Early Winter Checklist

1. Clean bird feeders and keep them full of high-fat food. Birds need a lot of calories to stay warm in the winter, so put out foods like sunflower seeds, peanuts, and suet cakes, all of which have a high-fat content that birds can quickly digest and convert into energy. Every two weeks, clean the feeders with a solution that’s 9 parts water and 1 part bleach. Scrub away any debris, rinse and dry the feeder, and refill it.

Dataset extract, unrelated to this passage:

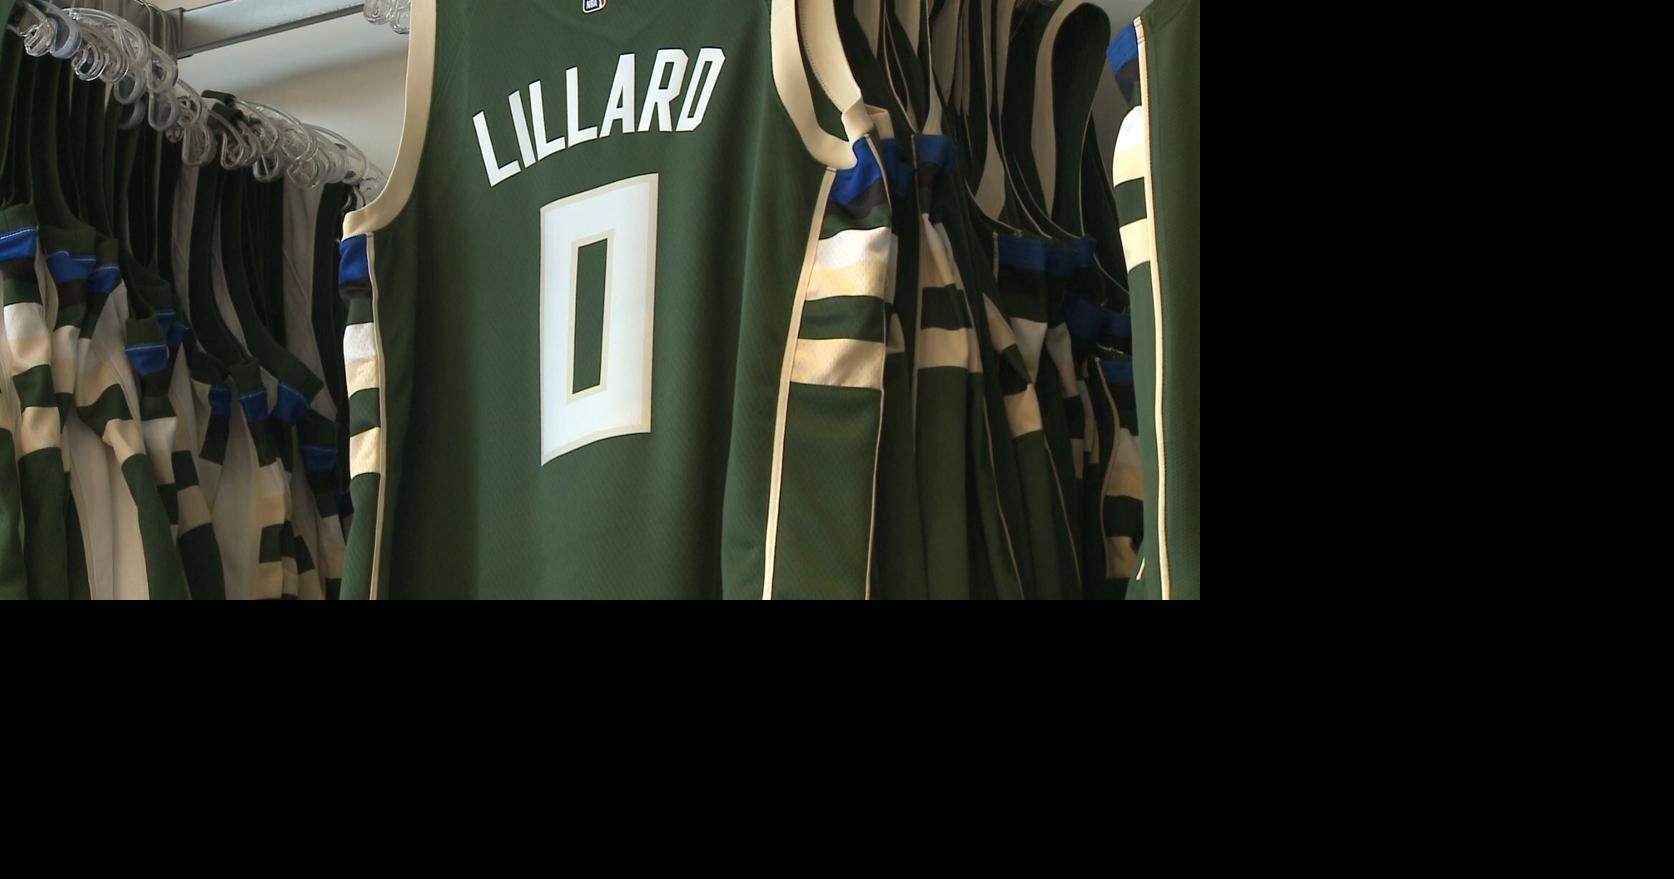 Milwaukee Bucks already selling Damian Lillard jerseys, News

2. Keep your bird bath clean and full of fresh water. Birds need drinking water during the winter, especially when there is no snow. Use a sturdy birdbath that can withstand a freeze without cracking. Put it in a sunny spot so it will be liquid some of the time, and fill it with fresh water every other day. Clean the basin once a month with a solution that’s 9 parts water to 1 part white vinegar. 

3. Watch out for weeds. Inspect your lawn, garden, and planting beds for weeds that pop up over the winter. Yes, some weeds keep growing despite the cold. Pull them out by hand or chop them out with a hoe while they’re still small, destroying all the roots and underground parts. Put down mulch where you pull out weeds to keep them from returning.

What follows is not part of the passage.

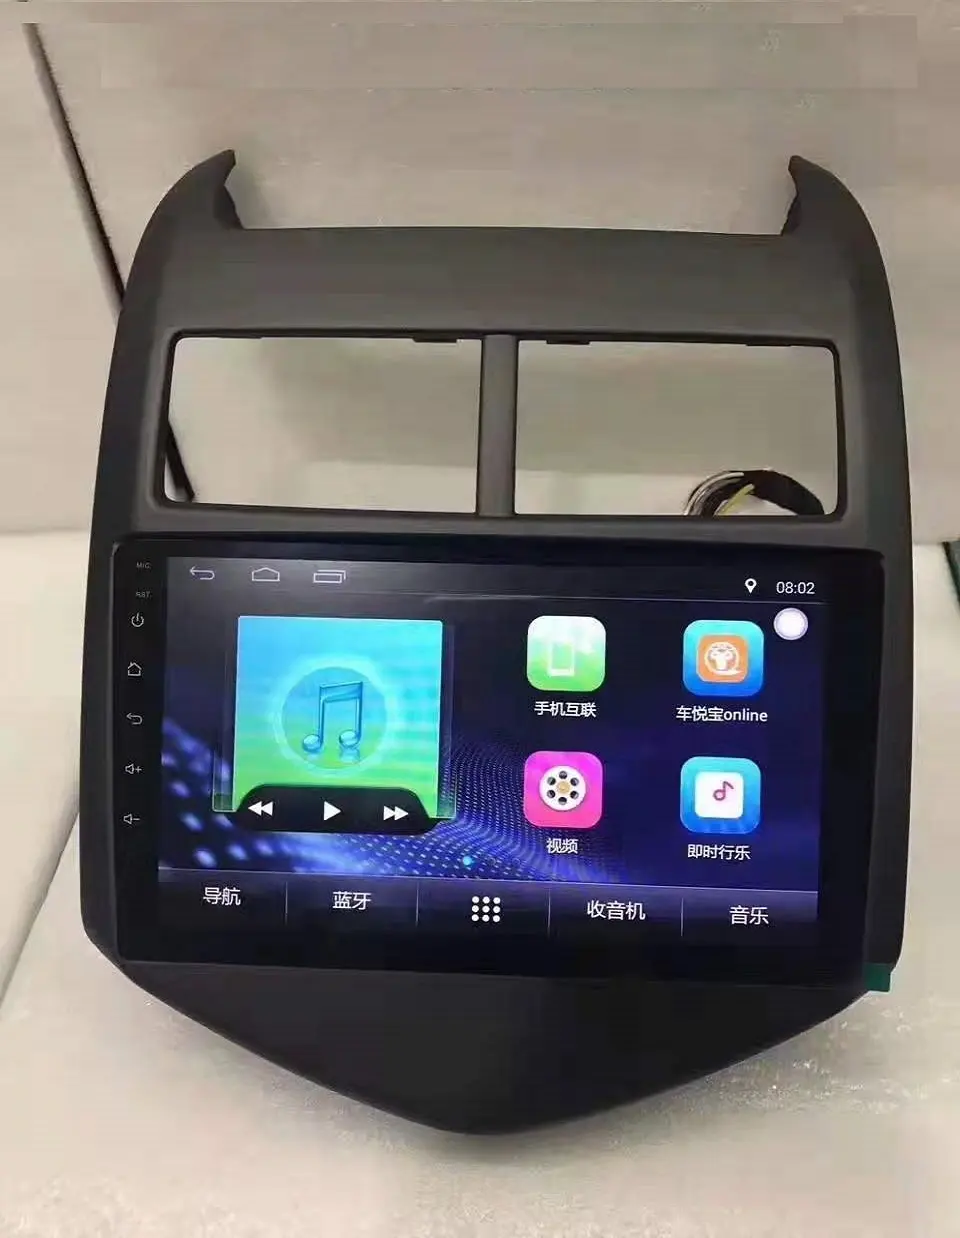 XinYoo автомобильный радиоплеер Android навигация для Chevrolet Aveo с радио видео USB Mirror link автомобильный DVD-плеер Автомобильный GPS MP5 плеер

4. Mulch perennial beds. Put 2 to 3 inches of compost, shredded leaves, or bark mulch on the bed to protect your plants’ crowns and roots from temperature fluctuations.

Midwinter Checklist

1. Mind the compost bin. Unless you live someplace cold enough for your compost to freeze solid, you can keep the compost bin working all winter. 

  • Keep adding kitchen scraps and dried leaves to the bin. Don’t put as much material in as you did in warmer months because the decomposition process slows in cold temperatures. Your compost is still composting, just not as fast. No leaves left from fall? Use shredded paper, cardboard, or straw.
  • Don’t turn the pile during the winter. The compost will lose heat and break down even more slowly. Wait until spring to turn.
  • Collect finished compost. This is especially important if you have a small bin or tumbler because you need to make room for the new materials you add. Spread the compost in the garden beds.

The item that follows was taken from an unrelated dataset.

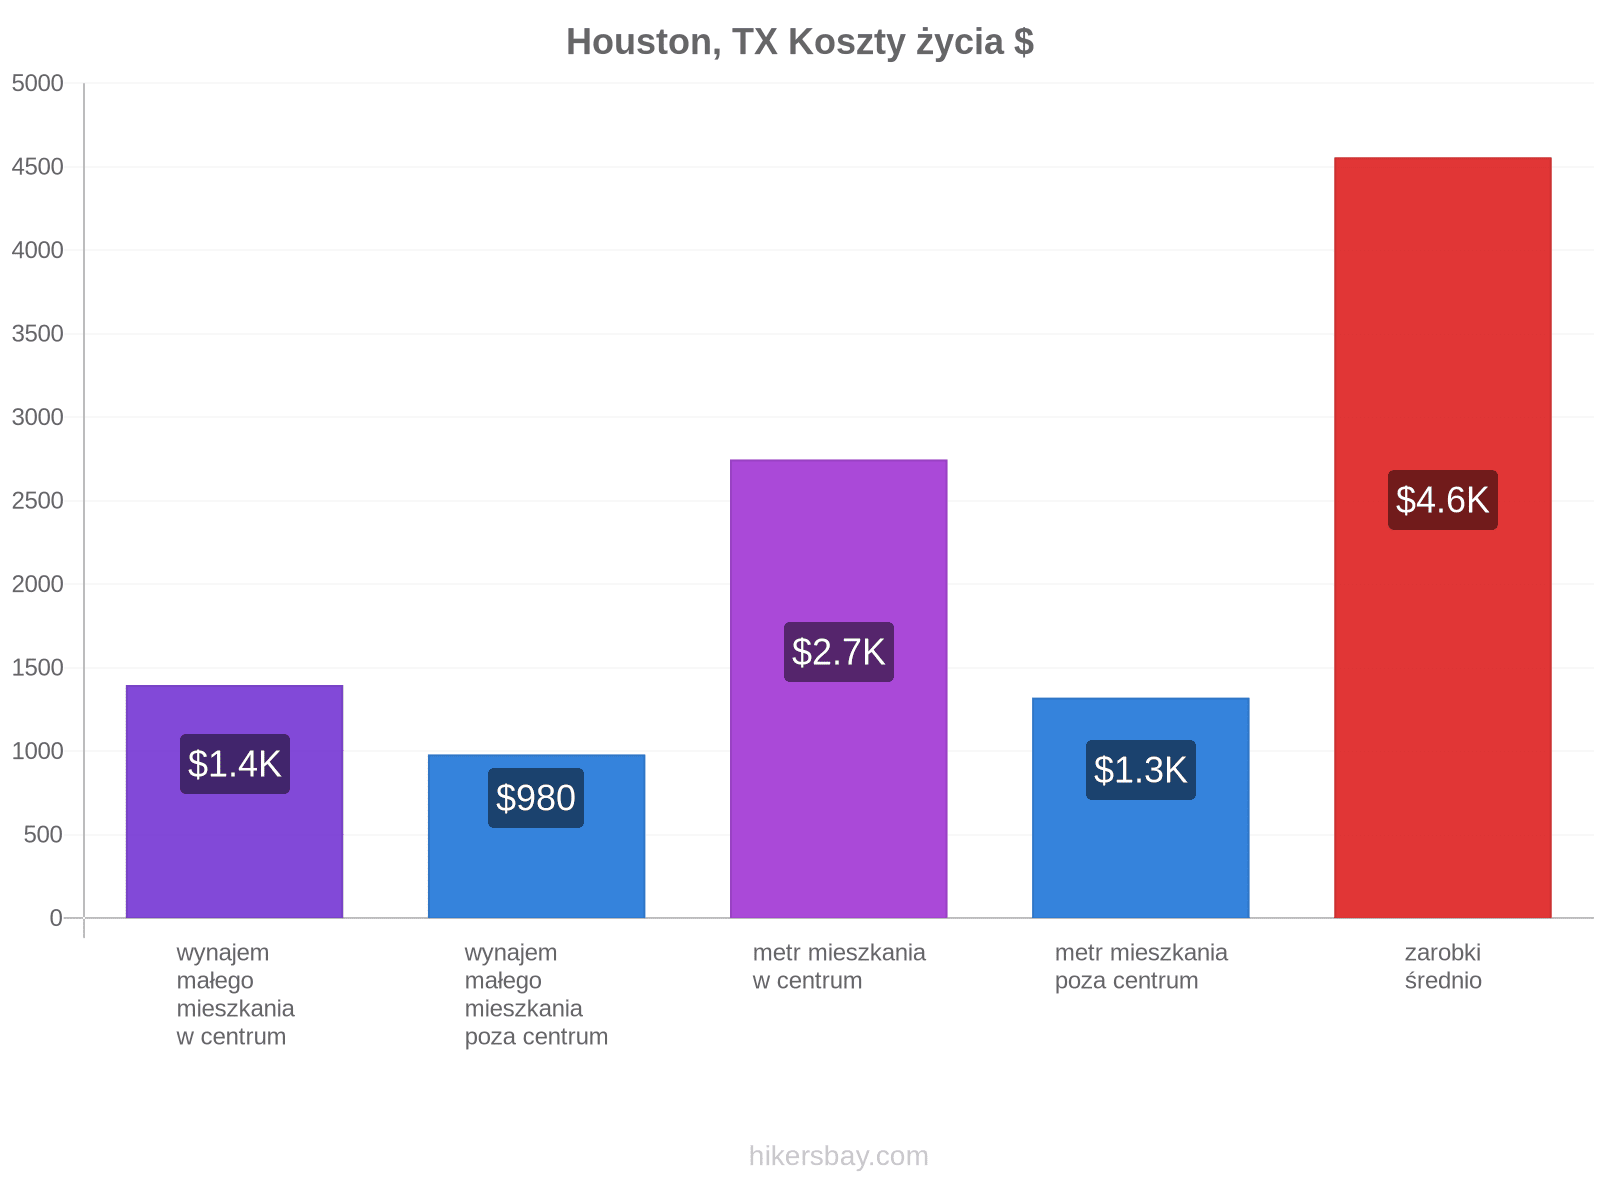 Houston, TX koszty życia hikersbay.com

2. Make a garden plan and order seeds. Curl up by the fire with a seed catalog or two. Decide what you’re going to plant and where you’re going to plant it. Calculate how many seeds you’ll need and order them, especially those you plan to start indoors. Supplies of your favorite zinnia, bean, and heirloom tomato seeds are plentiful in January, so order before the mad spring rush begins. 

3. Recycle holiday evergreens. Cut branches from your live Christmas tree into 2- to 3-foot sections and use them as mulch for the garden and perennial beds. You can do the same with wreaths and swags. These lightweight, open branches let moisture reach the soil while insulating the roots and crowns of plants from extreme cold.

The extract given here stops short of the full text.